Relevant log lines from the test failure:
{code}
2021-06-09 21:04:44,087 [Listener at 0.0.0.0/34005] INFO net.NetworkTopologyImpl (NetworkTopologyImpl.java:add(112)) - Added a new node: /default-rack/b06583c0-2c53-452b-83e4-398ff0104f72
2021-06-09 21:04:44,087 [RatisPipelineUtilsThread - 0] WARN pipeline.PipelinePlacementPolicy (PipelinePlacementPolicy.java:filterViableNodes(151)) - Pipeline creation failed due to no sufficient healthy datanodes. Required 3. Found 2.
2021-06-09 21:04:44,088 [EventQueue-NewNodeForNewNodeHandler] INFO pipeline.BackgroundPipelineCreator (BackgroundPipelineCreatorV2.java:notifyEventTriggered(282)) - trigger a one-shot run on RatisPipelineUtilsThread.
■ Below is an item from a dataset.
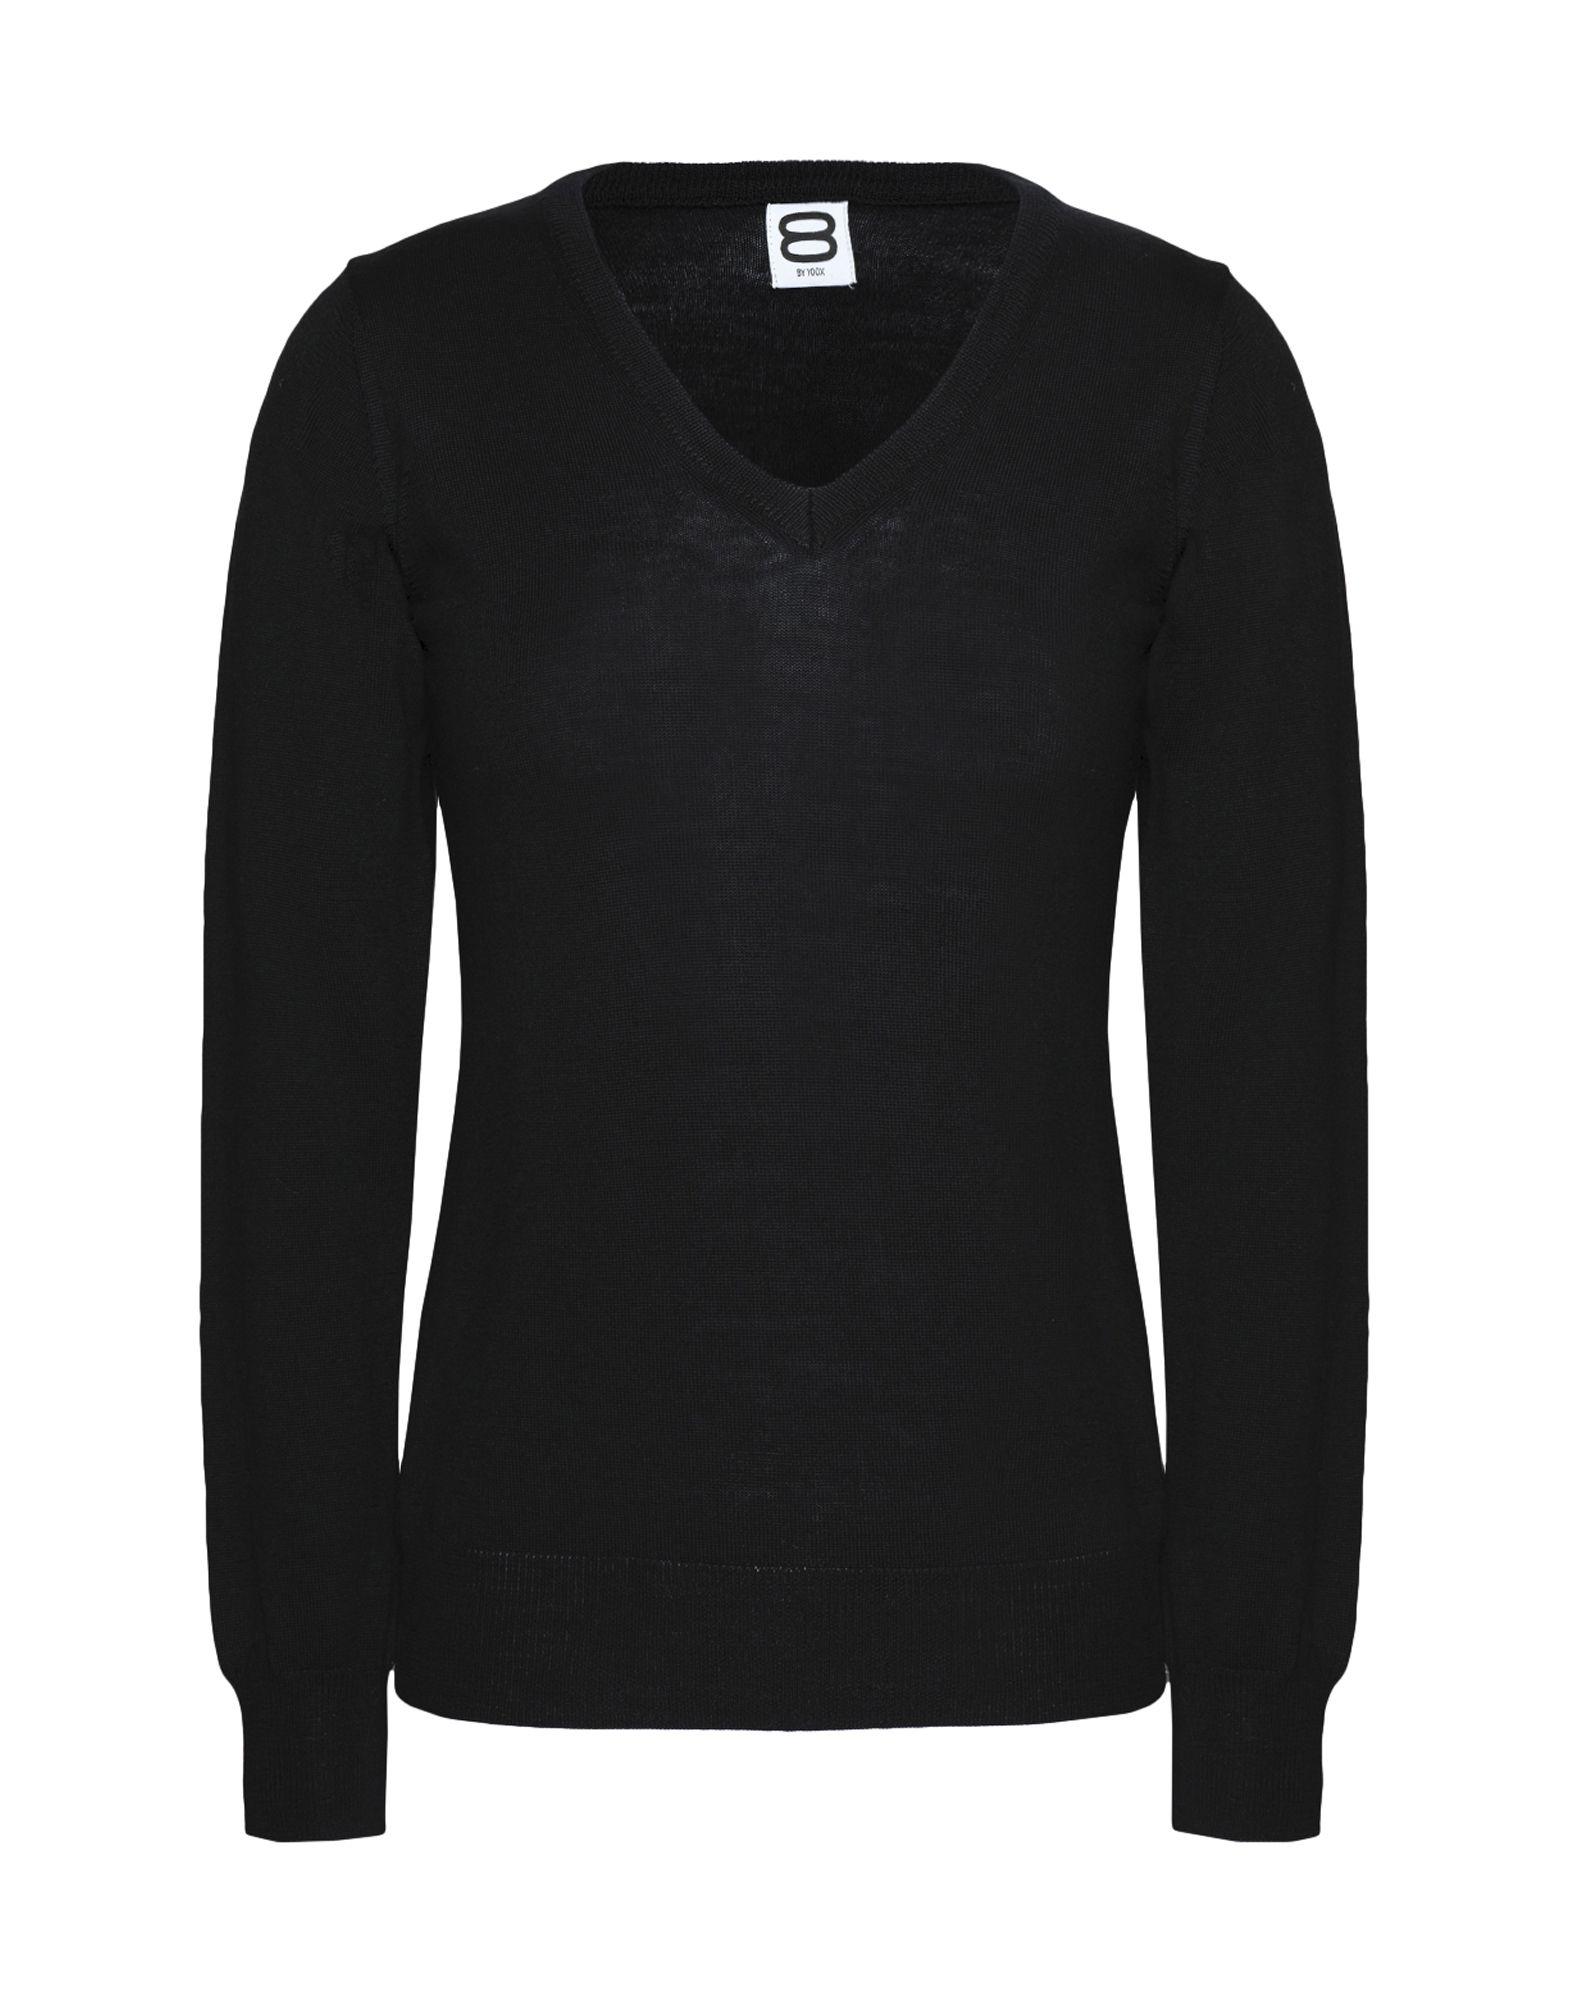 8 by YOOX Свитер пуловер большого размера с v образным вырезом из тонкого трикотажа

2021-06-09 21:04:44,088 [RatisPipelineUtilsThread - 0] INFO pipeline.RatisPipelineProvider (RatisPipelineProvider.java:lambda$create$0(170)) - Sending CreatePipelineCommand for pipeline:PipelineID=8bfba789-d337-4fed-9eb6-b1debd3d19e8 to datanode:b06583c0-2c53-452b-83e4-398ff0104f72
2021-06-09 21:04:44,089 [RatisPipelineUtilsThread - 0] INFO pipeline.PipelineStateManager (PipelineStateManagerV2Impl.java:addPipeline(101)) - Created pipeline Pipeline[ Id: 8bfba789-d337-4fed-9eb6-b1debd3d19e8, Nodes: b06583c0-2c53-452b-83e4-398ff0104f72{ip: 187.106.219.59, host: localhost-187.106.219.59, ports: [STANDALONE=0, RATIS=0, REST=0, REPLICATION=0, RATIS_ADMIN=0, RATIS_SERVER=0], networkLocation: /default-rack, certSerialId: null, persistedOpState: IN_SERVICE, persistedOpStateExpiryEpochSec: 0}, ReplicationConfig: RATIS/ONE, State:ALLOCATED, leaderId:, CreationTimestamp2021-06-09T21:04:44.088Z].
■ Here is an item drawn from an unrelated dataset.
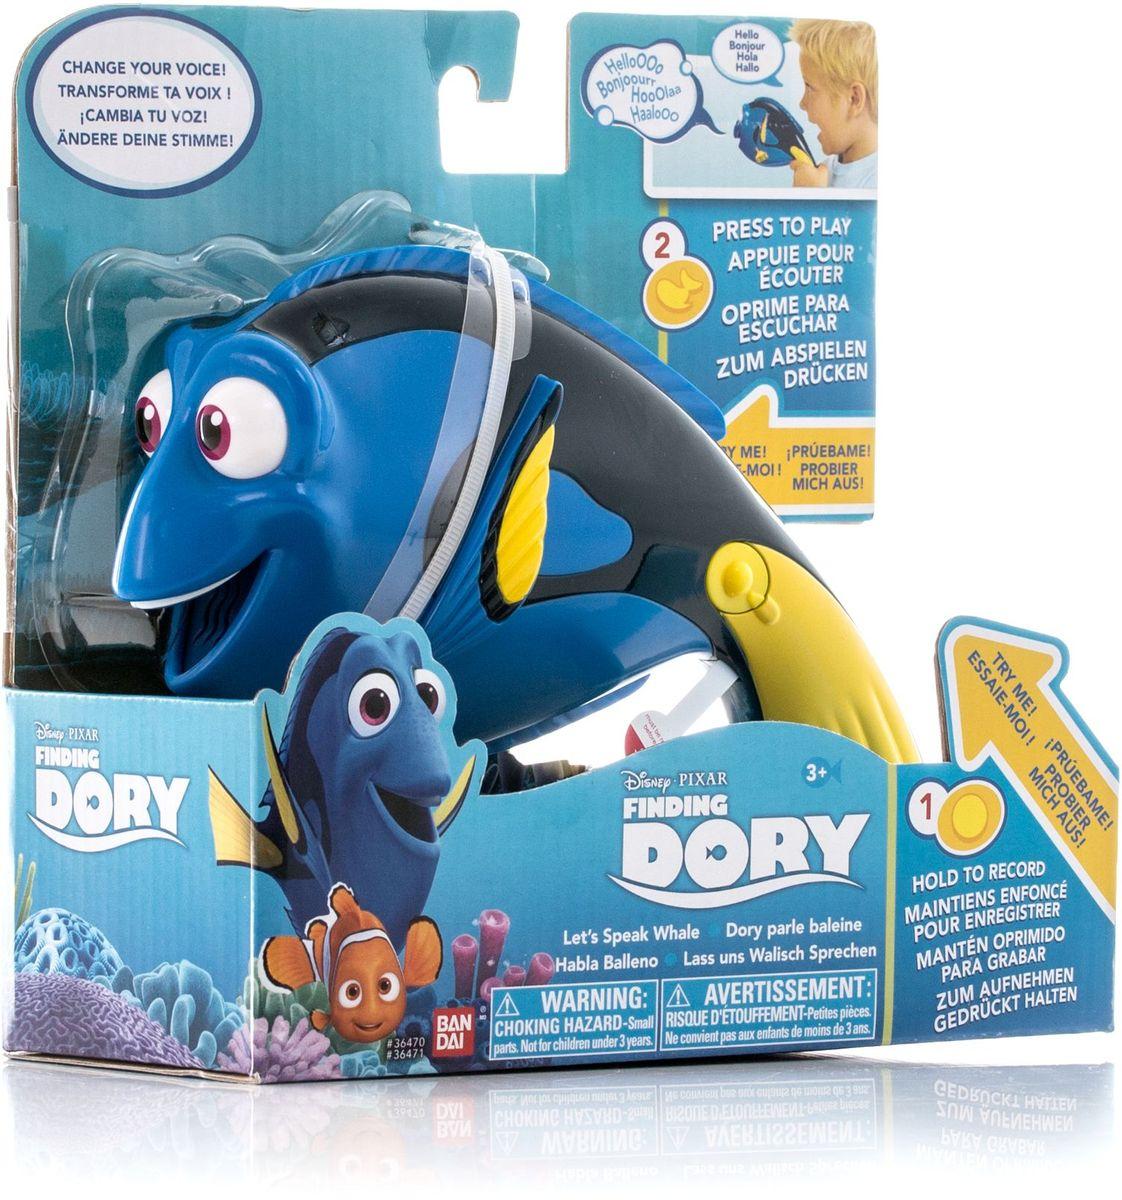 Finding Dory Интерактивная игрушка Дорюша-повторюша36470, 36471Интерактивная игрушка Finding Dory Дорюша-повторюша выполнена в виде подводного обитателя мультипликационного фильма В поисках Дори. Фигурка отличается прекрасной степенью детализации, она выполнена из качественного пластика ярких насыщенных тонов. Скажи любую фразу, а Дори все повторит смешным голосом белуги. Во время записи фразы нужно держать кнопку на одной стороне рыбки нажатой. Для воспроизведения фразы нажать на другую кнопку. Эта милая игрушка поднимет вам настроение и поможет развеселить друзей! Такой подарок понравится как детям, так и взрослым людям с чувством юмора! Работает от 2 батареек ААА (комплектуется демонстрационными).

2021-06-09 21:04:44,089 [RatisPipelineUtilsThread - 0] INFO ha.SCMHAInvocationHandler (SCMHAInvocationHandler.java:invokeRatis(113)) - Invoking method public abstract void org.apache.hadoop.hdds.scm.pipeline.StateManager.addPipeline(org.apache.hadoop.hdds.protocol.proto.HddsProtos$Pipeline) throws java.io.IOException on target org.apache.hadoop.hdds.scm.ha.MockSCMHAManager$MockRatisServer@5bf60155, cost 655.117us
2021-06-09 21:04:44,091 [RatisPipelineUtilsThread - 0] WARN pipeline.PipelinePlacementPolicy (PipelinePlacementPolicy.java:filterViableNodes(170)) - Pipeline creation failed due to no sufficient healthy datanodes with enough space for even a single container. Required 3. Found 2. Container size 5368709120.
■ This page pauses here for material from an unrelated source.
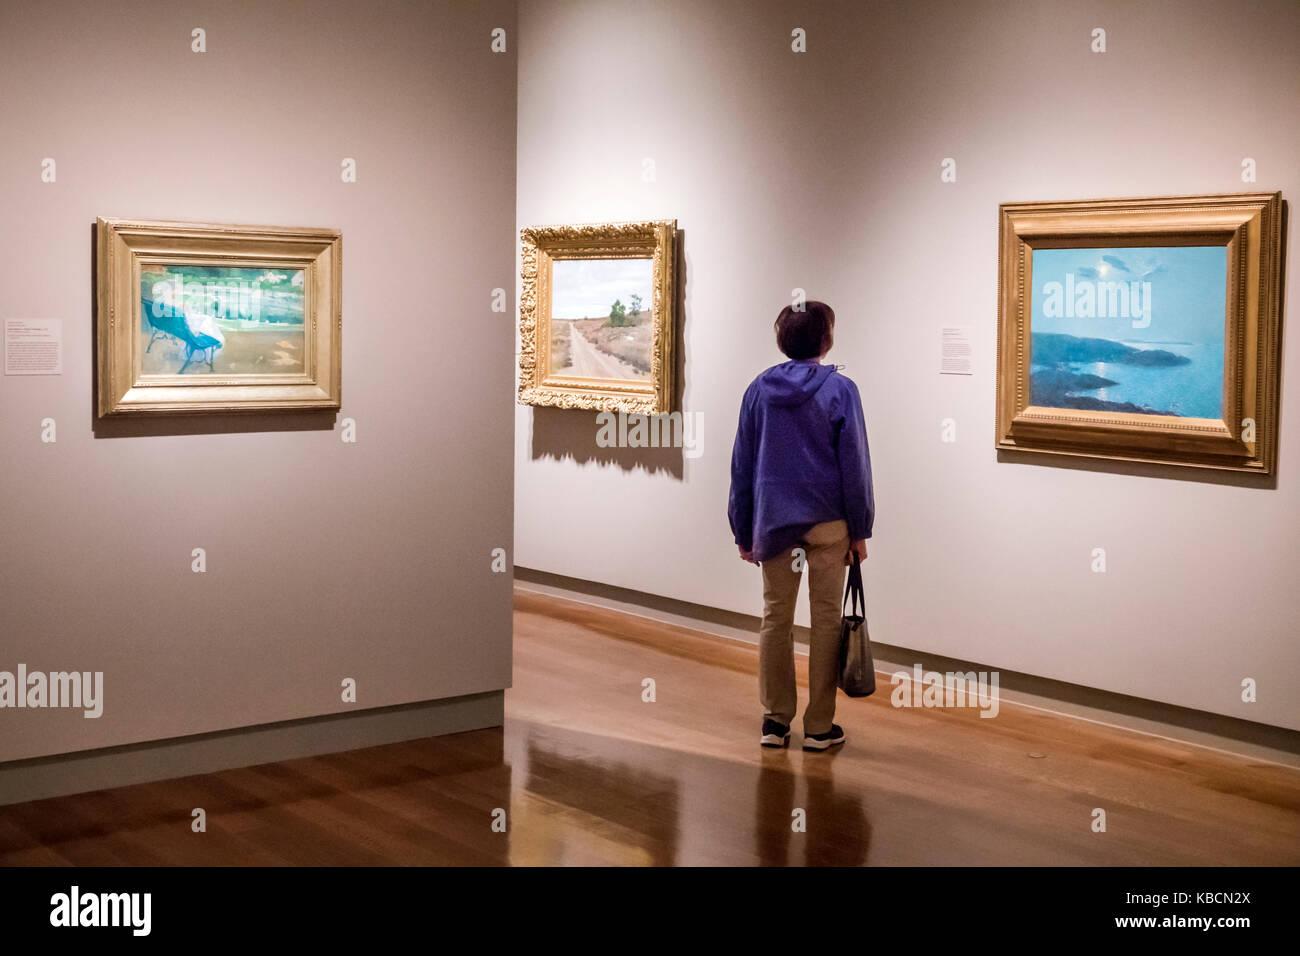 Richmond Virginia Virginia il Museo delle Belle Arti VMFA McGlothlin Collezione di Arte Americana Impressionismo Immagini Stock

2021-06-09 21:04:44,092 [Listener at 0.0.0.0/34005] INFO node.SCMNodeManager (SCMNodeManager.java:register(386)) - Registered Data node : b06583c0-2c53-452b-83e4-398ff0104f72{ip: 187.106.219.59, host: localhost-187.106.219.59, ports: [STANDALONE=0, RATIS=0, REST=0, REPLICATION=0, RATIS_ADMIN=0, RATIS_SERVER=0], networkLocation: /default-rack, certSerialId: null, persistedOpState: IN_SERVICE, persistedOpStateExpiryEpochSec: 0}
2021-06-09 21:04:44,093 [Listener at 0.0.0.0/34005] INFO node.TestSCMNodeManager (TestSCMNodeManager.java:lambda$assertPipelines$10(463)) - Found 3 pipelines of type RATIS and factor ONE.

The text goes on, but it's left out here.